Today on World Environment Day, the Coalition is delighted to announce that a re-elected Turnbull Government will create a $5 million Threatened Species Recovery Fund to support local communities in the fight to protect Australia’s vulnerable wildlife.
The Fund will provide seed money and community grants for local projects that strongly align with the targets of Australia’s Threatened Species Strategy.
Across Australia local communities, environment groups and ‘friends of’ groups are working tirelessly to protect our vulnerable species. We want to support their efforts.
The first nine projects to be supported by the new Fund will focus on community conservation efforts in Queensland, New South Wales, Western Australia, Victoria and Tasmania.

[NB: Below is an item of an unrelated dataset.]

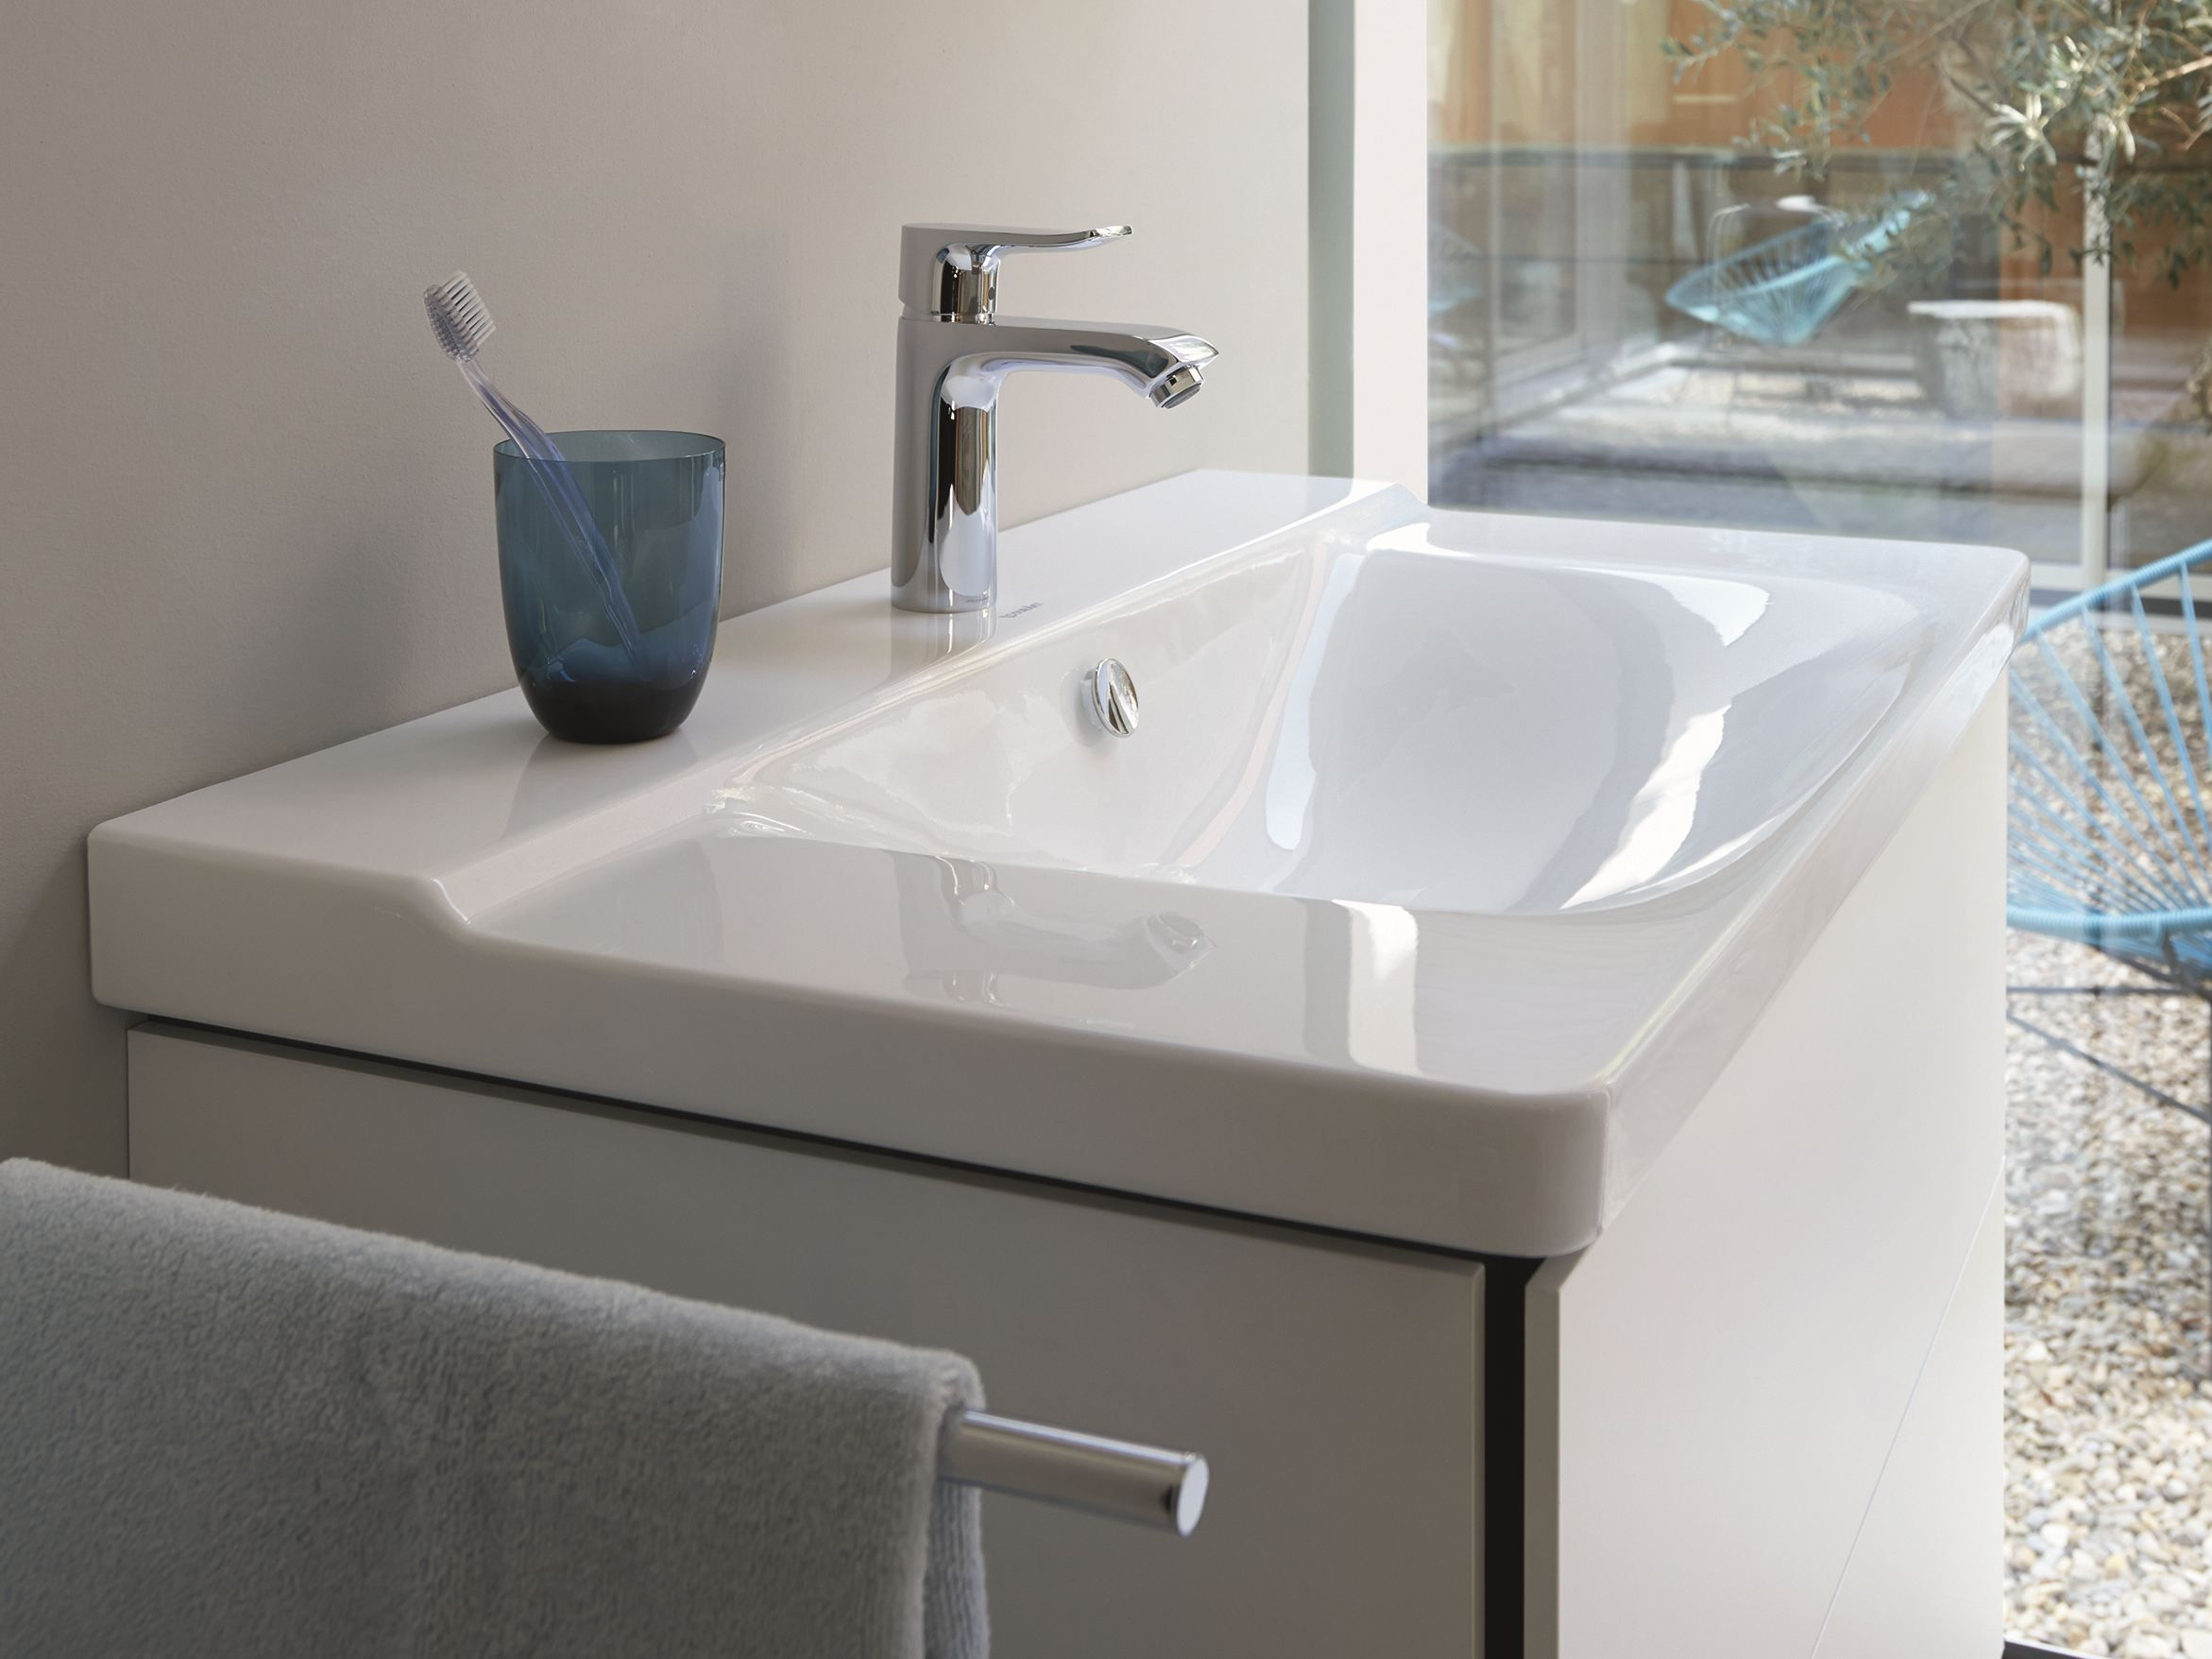 Bathroom Sinks In Phoenix phoenix design duravit p3 - google keresés | designers_phoenix
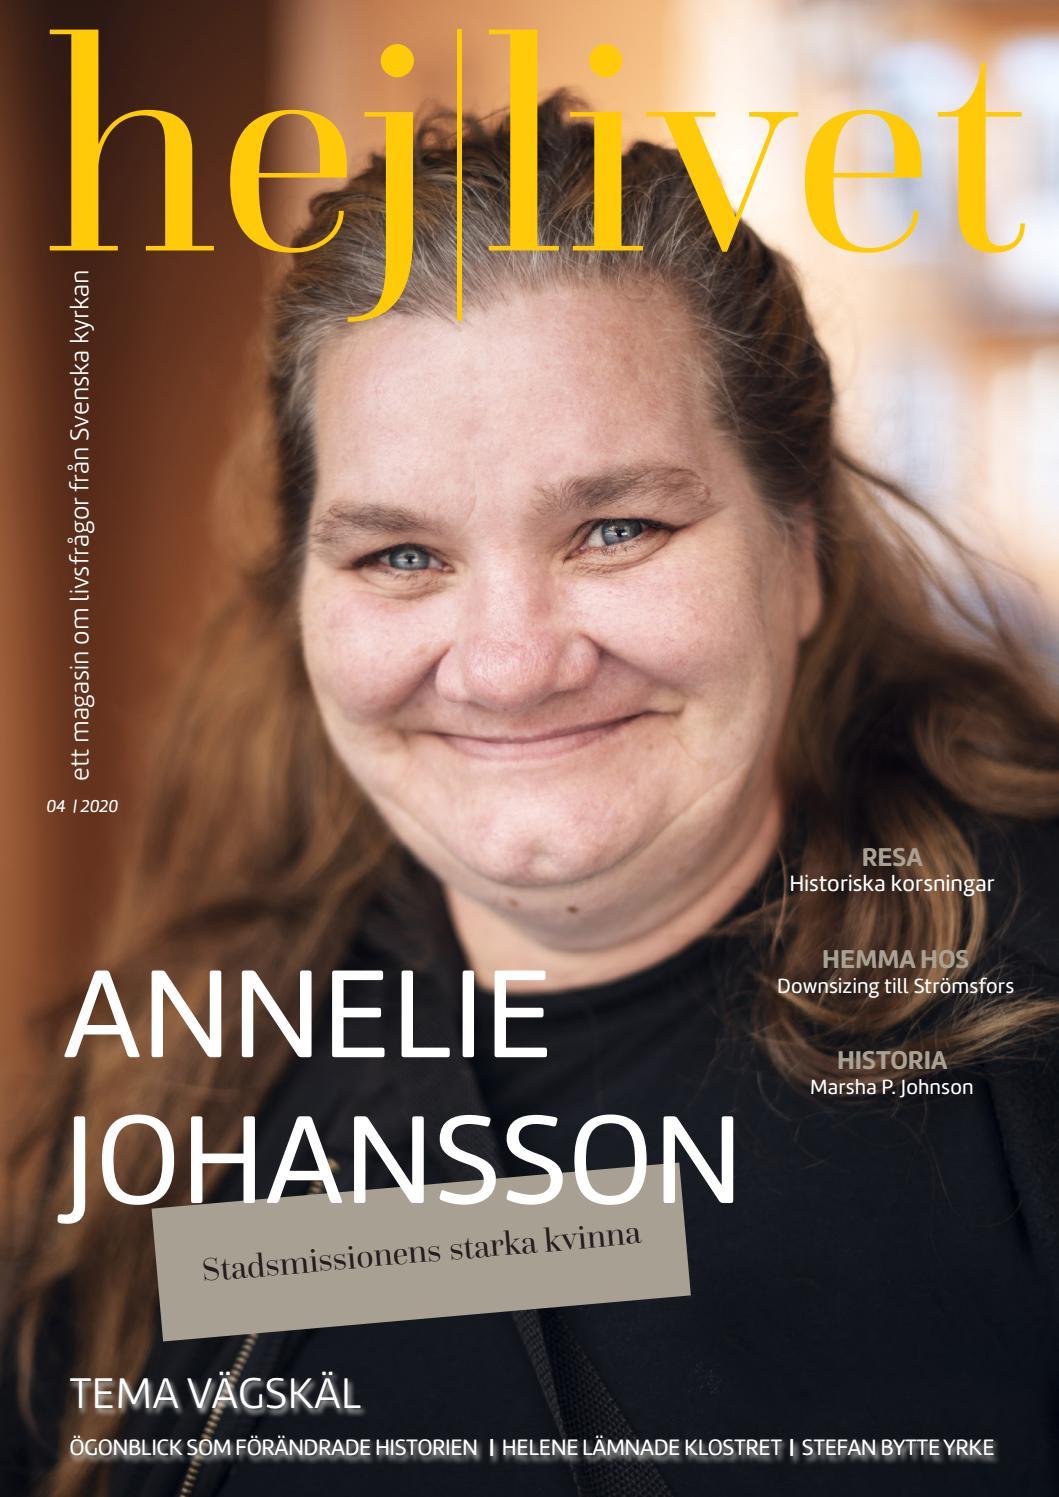 kvinna söker man norrköpings s: t olai mötesplatser för äldre i kvistofta

Examples of these projects include work to control predators and improve habitat in far north Queensland to protect the Southern Cassowary; creating a new secure population in Western Australia of Gilbert’s Potoroo – the world’s rarest marsupial; predator control in Tasmania’s Meander Valley to protect the Eastern Barred Bandicoot and Eastern Quoll.
Australia’s unacceptably high rate of species extinction is a problem that needed a fresh approach. That is why the Coalition Government appointed Australia’s first Threatened Species Commissioner and released Australia’s first Threatened Species Strategy.
The Strategy contains ambitious but achievable targets to turn around the trajectory of 20 priority birds, 20 priority mammals and 30 priority plants by 2020. It also commits to the creation of five feral cat-free island, 10 mainland feral cat-free wildlife enclosures and the culling of two million feral cats.
For the first time ever, threatened species have an Australian Government policy framework with hard and measurable targets.
Since the appointment of the Threatened Species Commissioner in June 2014, the Australian Government has mobilised more than $208 million for projects that directly support and protect our threatened species.
However protecting our vulnerable wildlife is not a task that governments can do alone. We can only be successful by working in partnership with all levels of government, the private sector and the community.
The Threatened Species Recovery Fund will help galvanise community action on the ground, where it is needed most.